====== PROVIDED MATERIAL
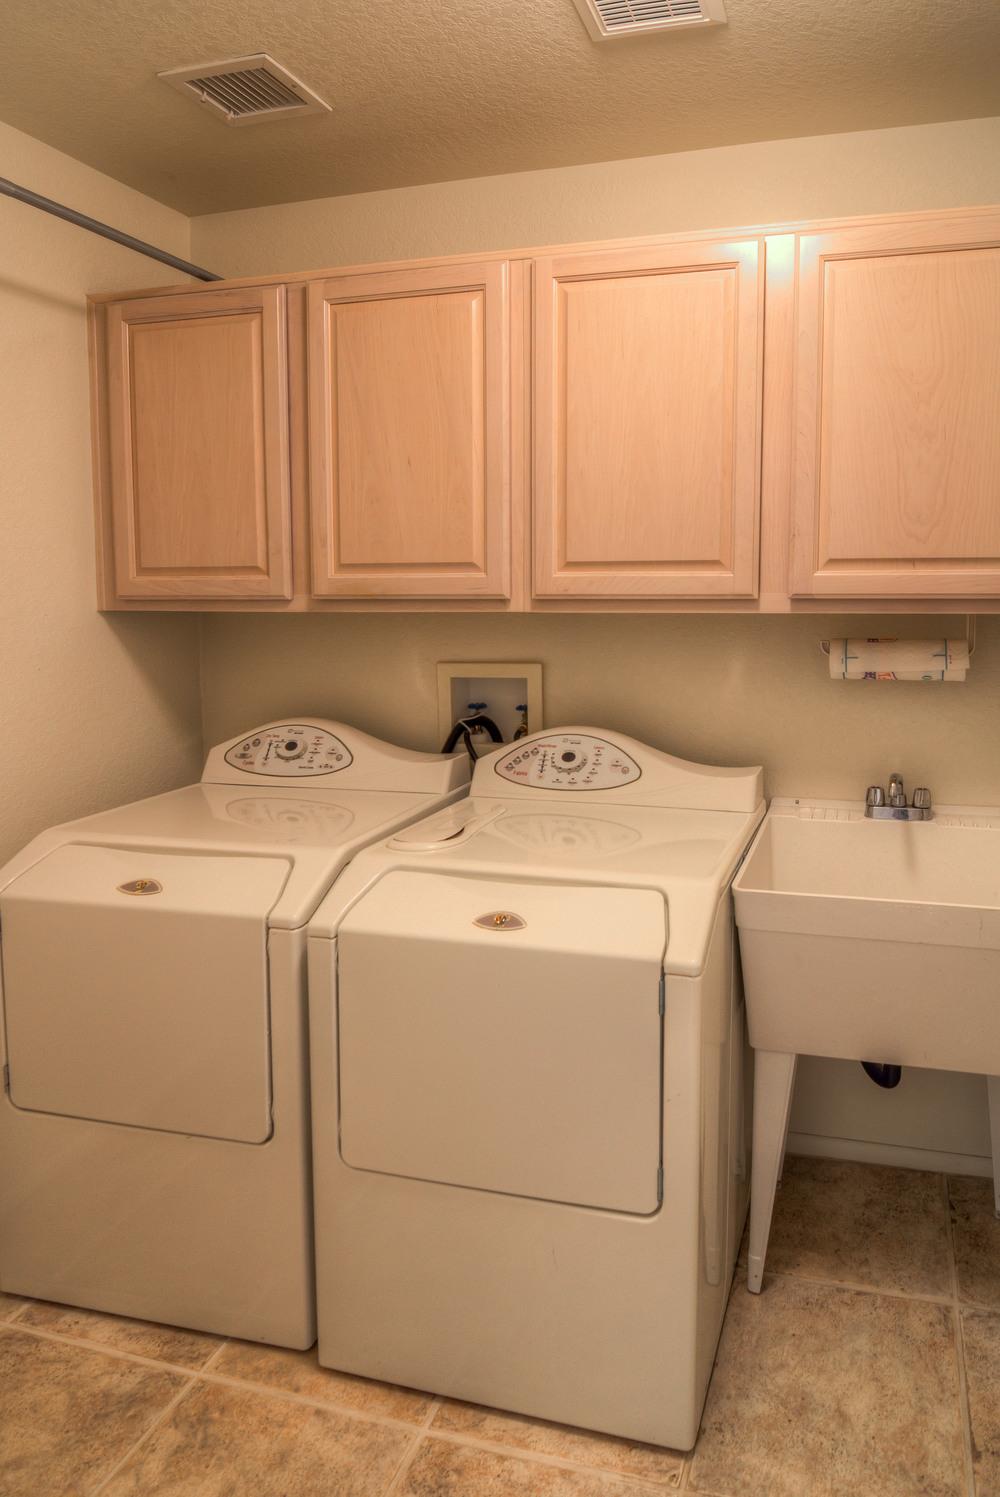 39 Laundry Room.jpg
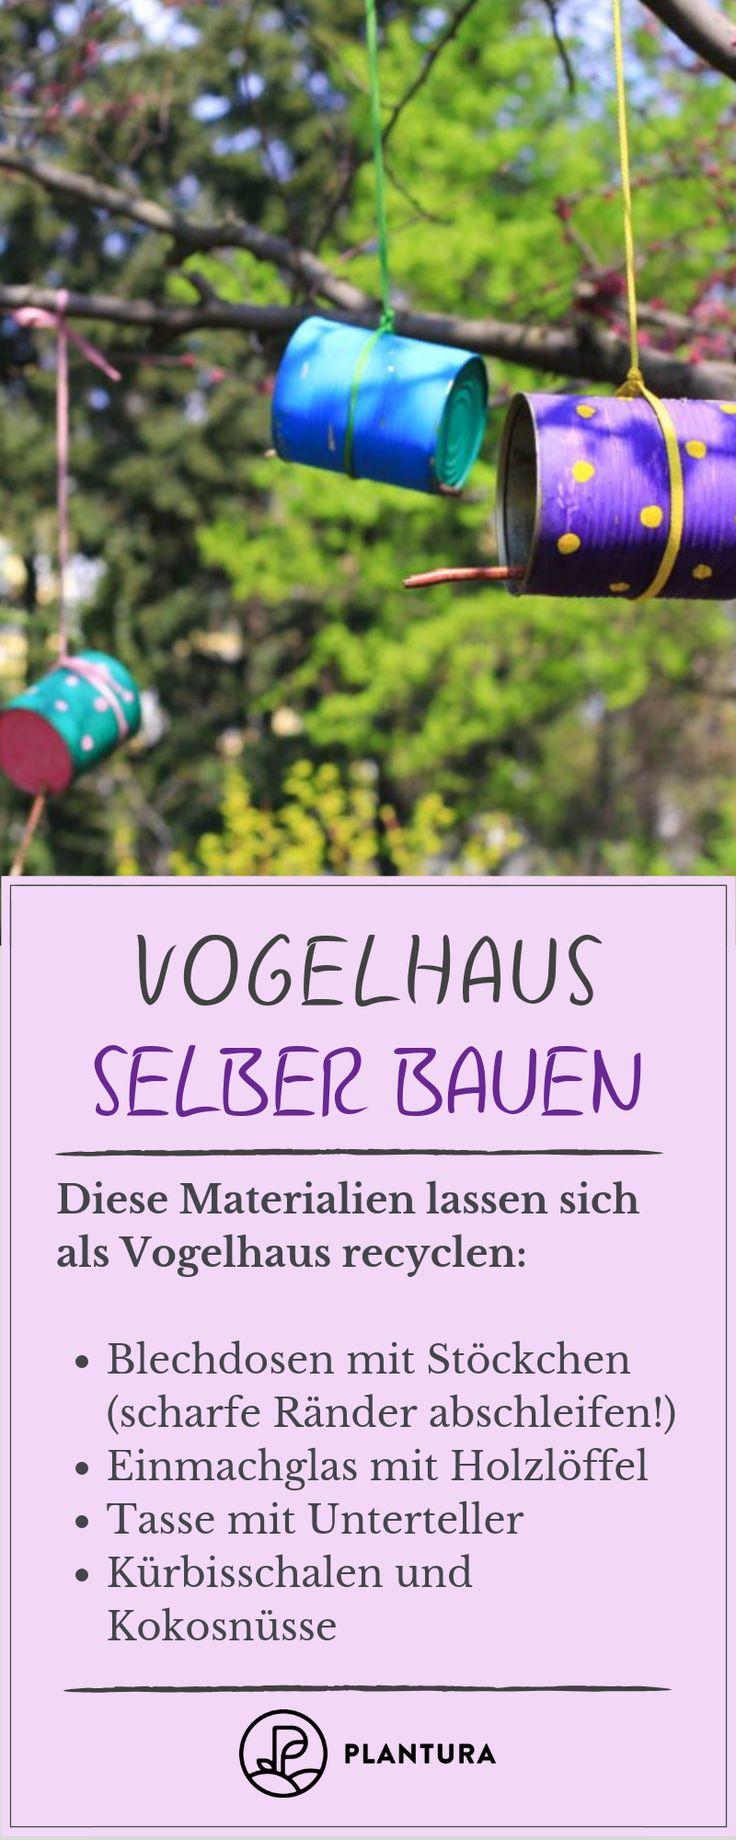 Vogelfutterhaus selber bauen: Anleitung, Ideen & Voraussetzungen
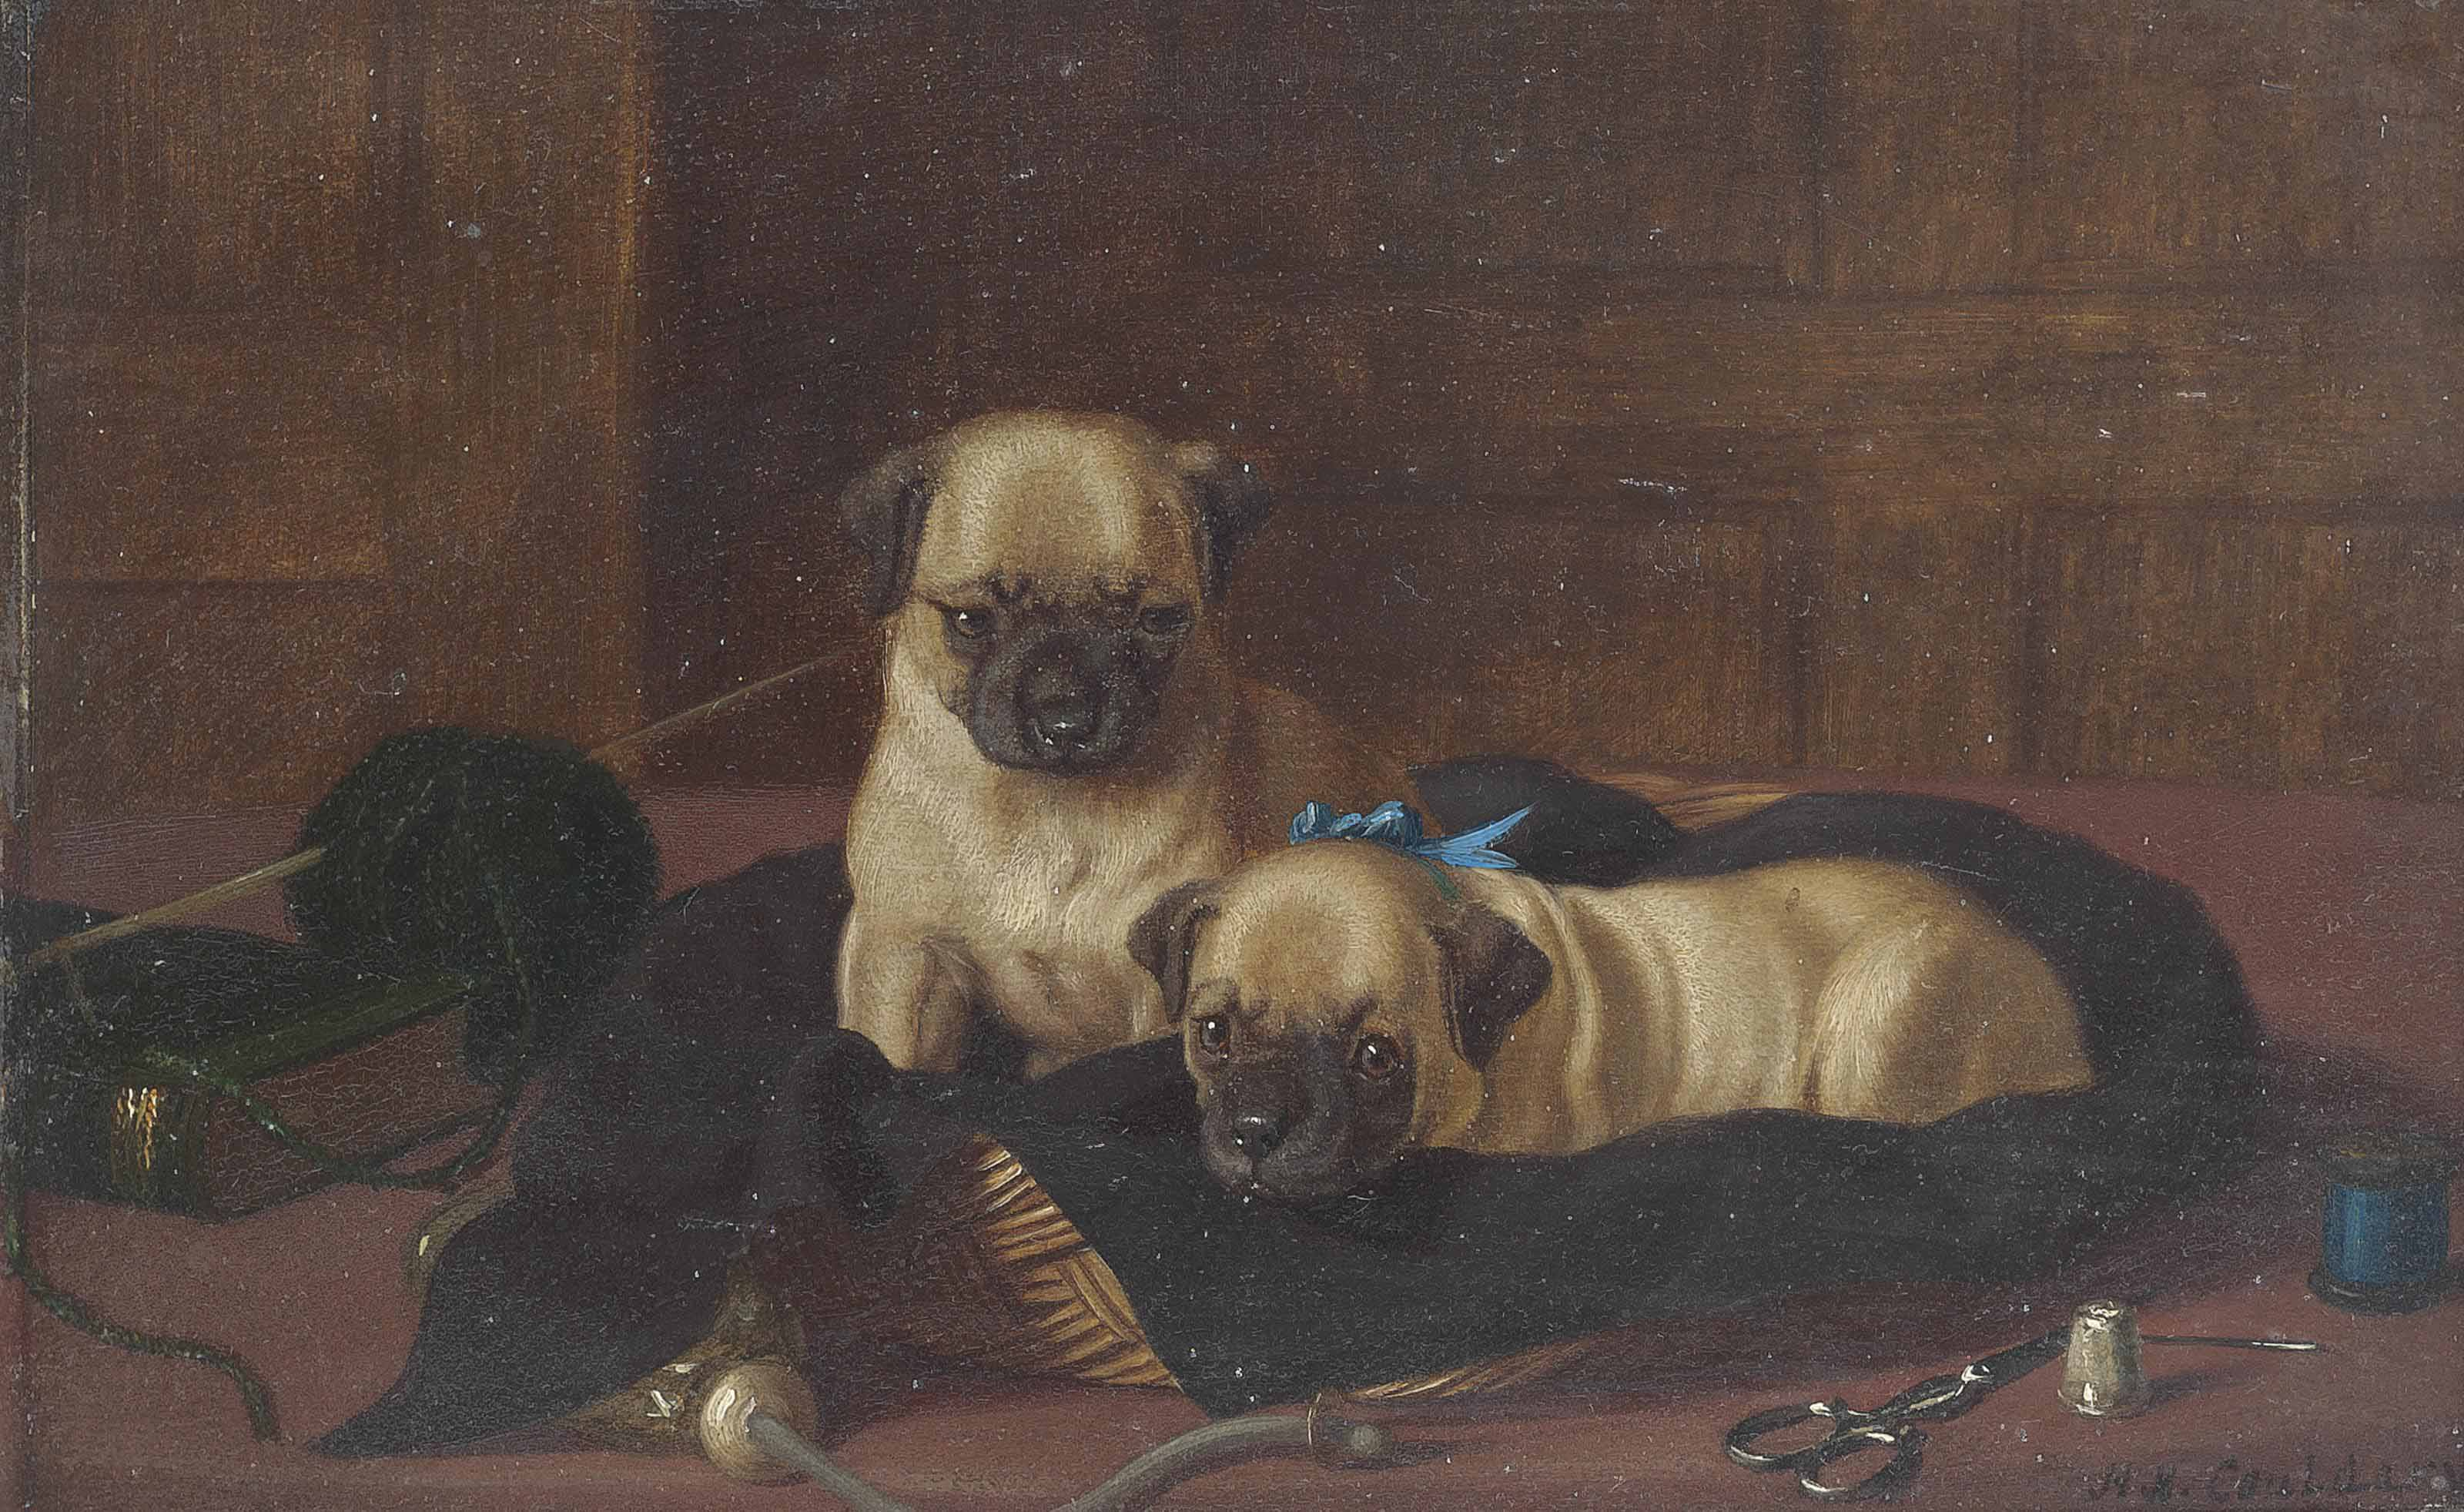 The seamstresses' pugs
============
EXERCISE PROMPT
Return the complete data unchanged and include none of the pictures.

RESPONSE TO THE TASK
 39 Laundry Room.jpg
 Vogelfutterhaus selber bauen: Anleitung, Ideen & Voraussetzungen
 The seamstresses' pugs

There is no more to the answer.